Charges Stand in Priest's Sex Case
By Craig Pittman
St. Petersburg Times (Florida)
November 8, 1997
A judge Friday let stand charges that a Sarasota priest tried to seduce a child using an online service, even though the "child" was actually a Clearwater police detective.
The priest's attorney had contended that without a real victim there was no crime, and that the charges violated his client's constitutional right to free speech.
But Circuit Judge Anthony Rondolino disagreed.
"I am unwilling as a trial judge to accept the idea that law enforcement officers have to offer up our children to pedophiles in order to convict them," Rondolino said. "I think it's permissible for law enforcement to use subterfuge in order to catch criminals."
However, Rondolino postponed ruling on another defense motion: that by charging the priest with two felonies stemming from his actions, the prosecution had put him at risk of double jeopardy.
Both the defense and prosecution said the facts of the case are not in dispute, only the law.
For almost a month Jeremiah Spillane, 43, a Catholic priest from Sarasota, exchanged e-mail messages about sexual practices and positions with someone he knew as Tommy, whom he had met in an America Online chat room. Tommy said he was 13.
On Feb. 10, Spillane made a date to meet Tommy in Clearwater for sex. But when Spillane showed up for the date, he discovered "Tommy" was 34-year-old Clearwater police Detective Chuck Esposito.
Esposito arrested him on charges of seducing a child via a computer and attempting a lewd and lascivious act on a child.
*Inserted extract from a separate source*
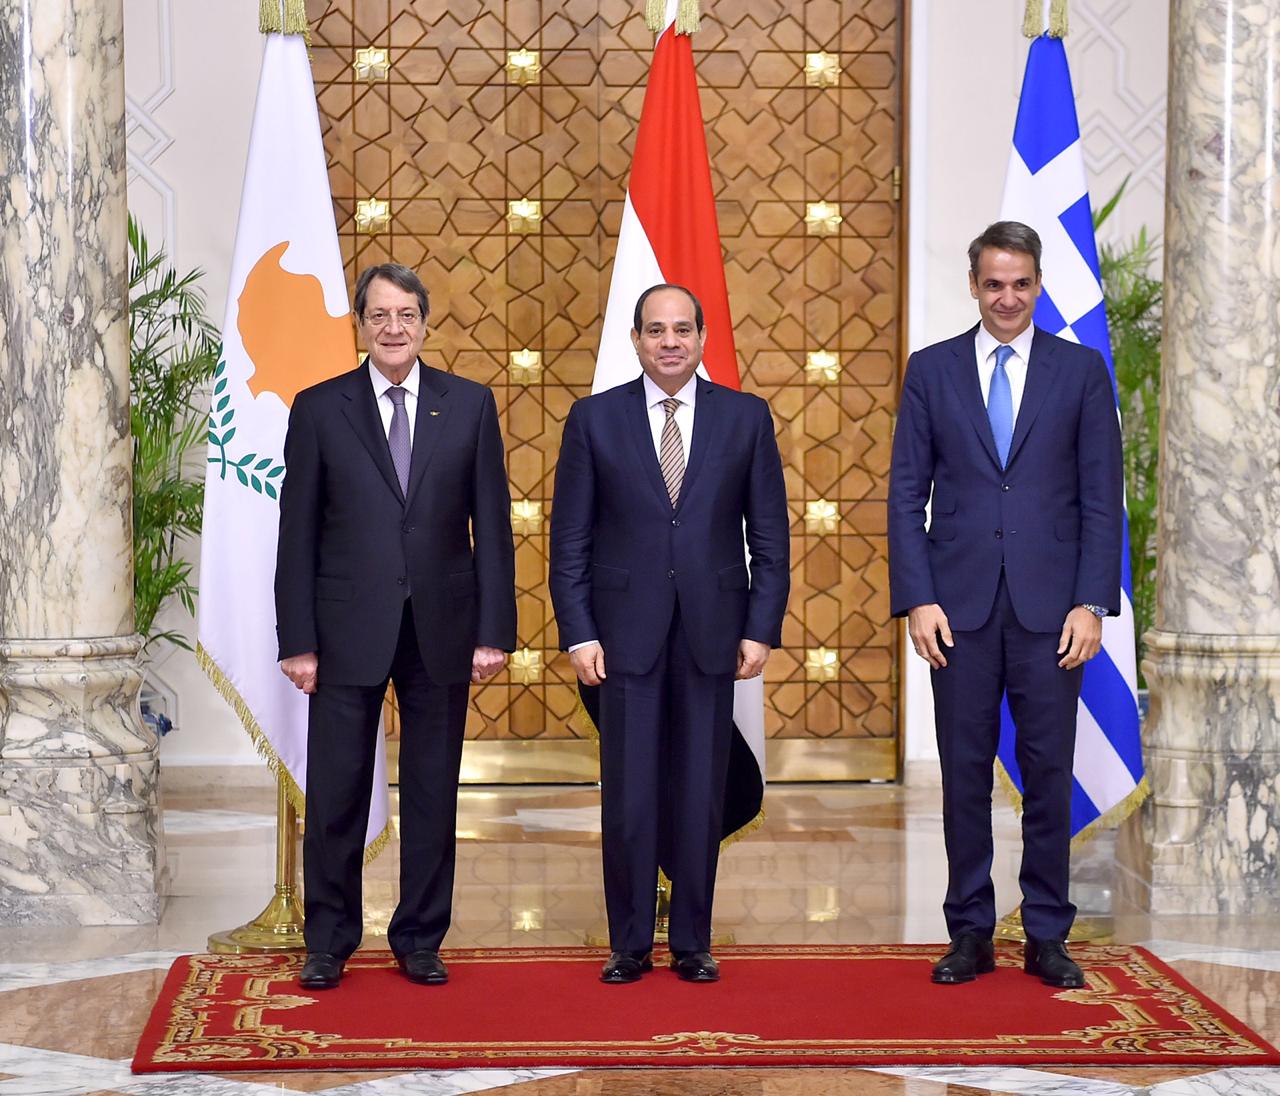 الرئيس السيسي يتوسط رئيس وزراء اليونان ورئيس قبرص

At the time of his arrest, Spillane was on staff at Sarasota's Church of the Incarnation and was chaplain at Cardinal Mooney High School, where he conducted a weekly Mass. After he was arrested, he was put on administrative leave.
Spillane told Esposito that he had rented a room at a bed and breakfast for a sexual encounter with "Tommy." In the room police said they found a dildo, four wrapped condoms and bottles of baby oil, lotion and scented oil.
At hearings two months ago and again Friday, defense attorney Joseph Ciarciaglino argued that the charges against Spillane should be tossed out because without a real child, the prosecution could not prove his client intended to do anything illegal.
"Spillane was never given the opportunity to view the underage child and decide whether he was going to engage in lewd and lascivious conduct," he said.
Spillane's e-mails would have been legally protected speech if sent to an adult, he said.
But prosecutor Richard McKyton contended that there was a real person on the other end of the e-mail exchange, just not the one Spillane expected. Rondolino agreed with McKyton.
Ciarciaglino tried several other ways to get the charges dropped, but Rondolino shot them all down except for the double jeopardy argument.
Ciarciaglino contended that the only difference between the two charges facing his client was that one involved using a computer. But McKyton told the judge that there is another difference.
The crime of seduction via computer was complete once Spillane sent "Tommy" the e-mail messages about having sex, McKyton said. But to commit the crime of attempted lewd and lascivious act, Spillane had to get in his car and drive to Clearwater for the rendezvous, he said.
The judge said he would rule on the double jeopardy issue prior to a hearing next month. So far no trial date has been set.